At the Harvest Festivals in church the area behind the pulpit was piled high with tins of IXL fruit for the old-age pensioners. We had collected the tinned fruit from door to door. Most of it came from old-age pensioners. Some of them must have got their own stuff back. Others were less lucky. Hunting for cicadas in the peppercorns and the willows, you were always in search of the legendary black prince, but invariably he turned out to be a redeye.

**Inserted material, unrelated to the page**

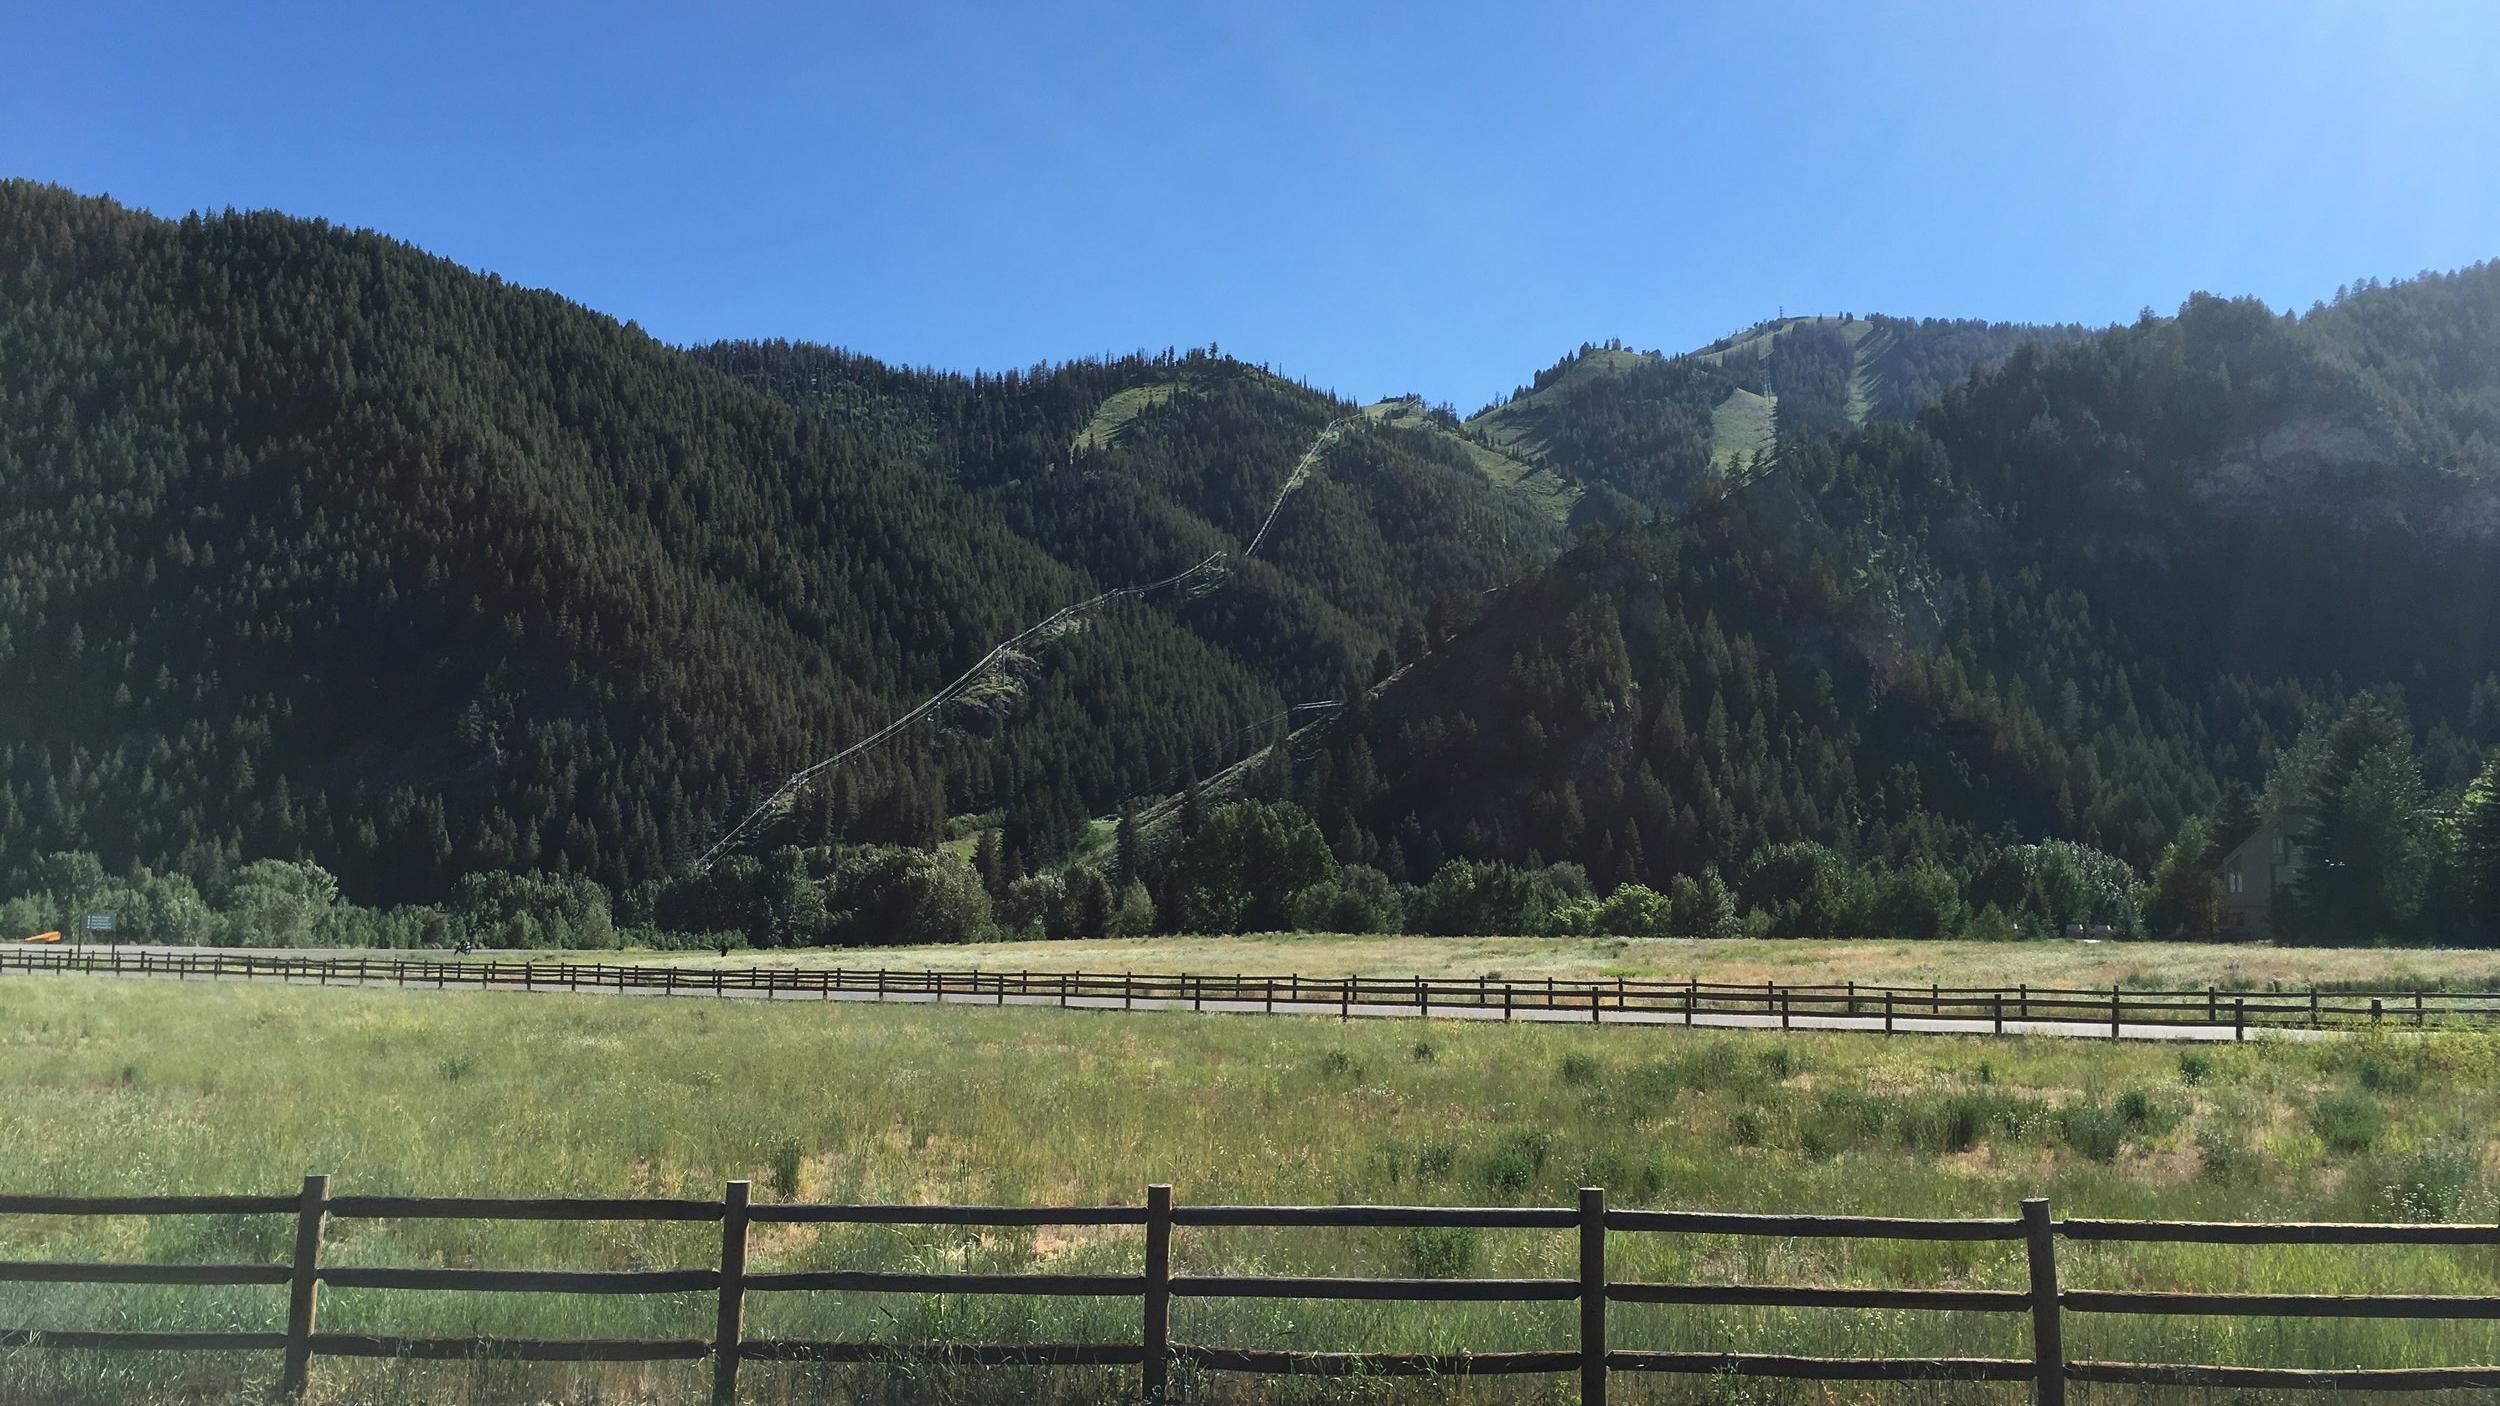 The Meadows | Ketchum, Idaho
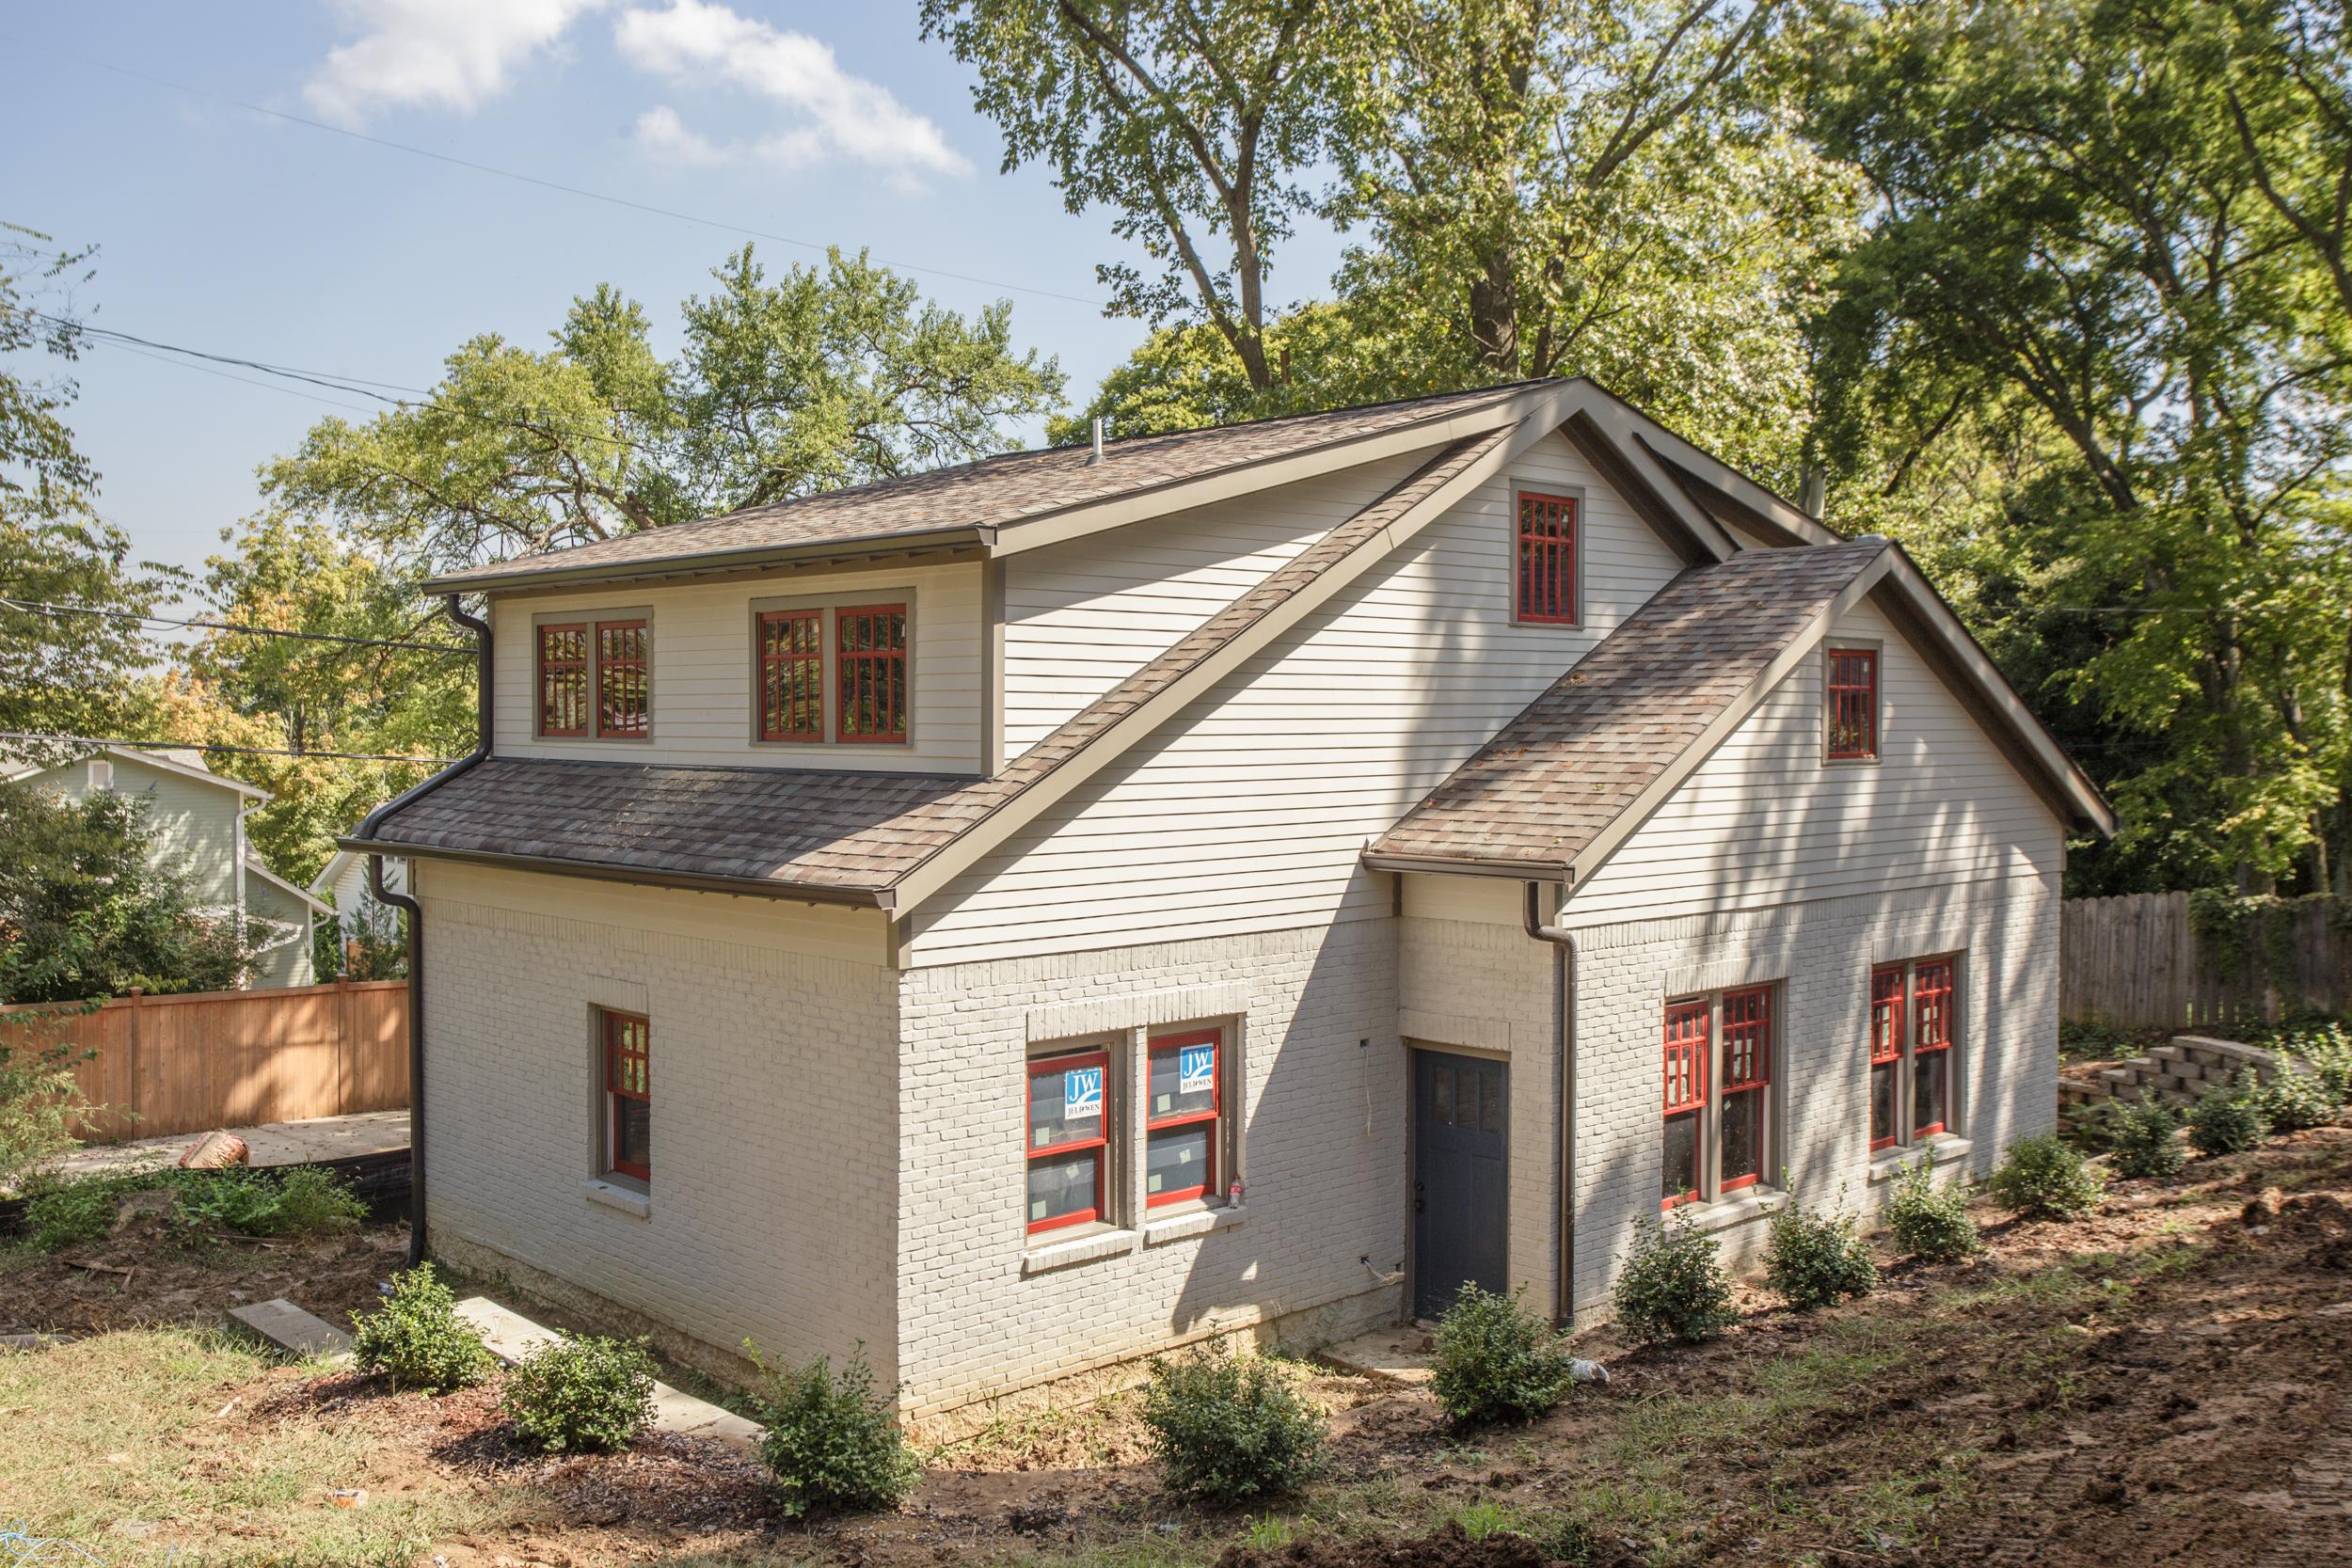 best-home-builder-nashville-renovation-historic-neighborhoods-britt-development-group-0217.jpg

The ordinary cicada was called a pisser because he squirted mud at you. The most beautiful cicada was the yellow Monday. He was as yellow as a canary and transparent as crystal. When he lifted his wings in the sunlight the membranes were like the deltas of little rivers. The sun shone straight through him. It shone straight through all of us.

It shone straight through everything, and I suppose it still does. As I begin this last paragraph, outside my window a misty afternoon drizzle gently but inexorably soaks the City of London. Down there in the street I can see umbrellas commiserating with each other. In Sydney Harbour, twelve thousand miles away and ten hours from now, the yachts will be racing on the crushed diamond water under a sky the texture of powdered sapphires. It would be churlish not to concede that the same abundance of natural blessings which gave us the energy to leave has every right to call us back. All in, the whippy’s taken. Pulsing like a beacon through the days and nights, the birthplace of the fortunate sends out its invisible waves of recollection. It always has and it always will, until even the last of us come home.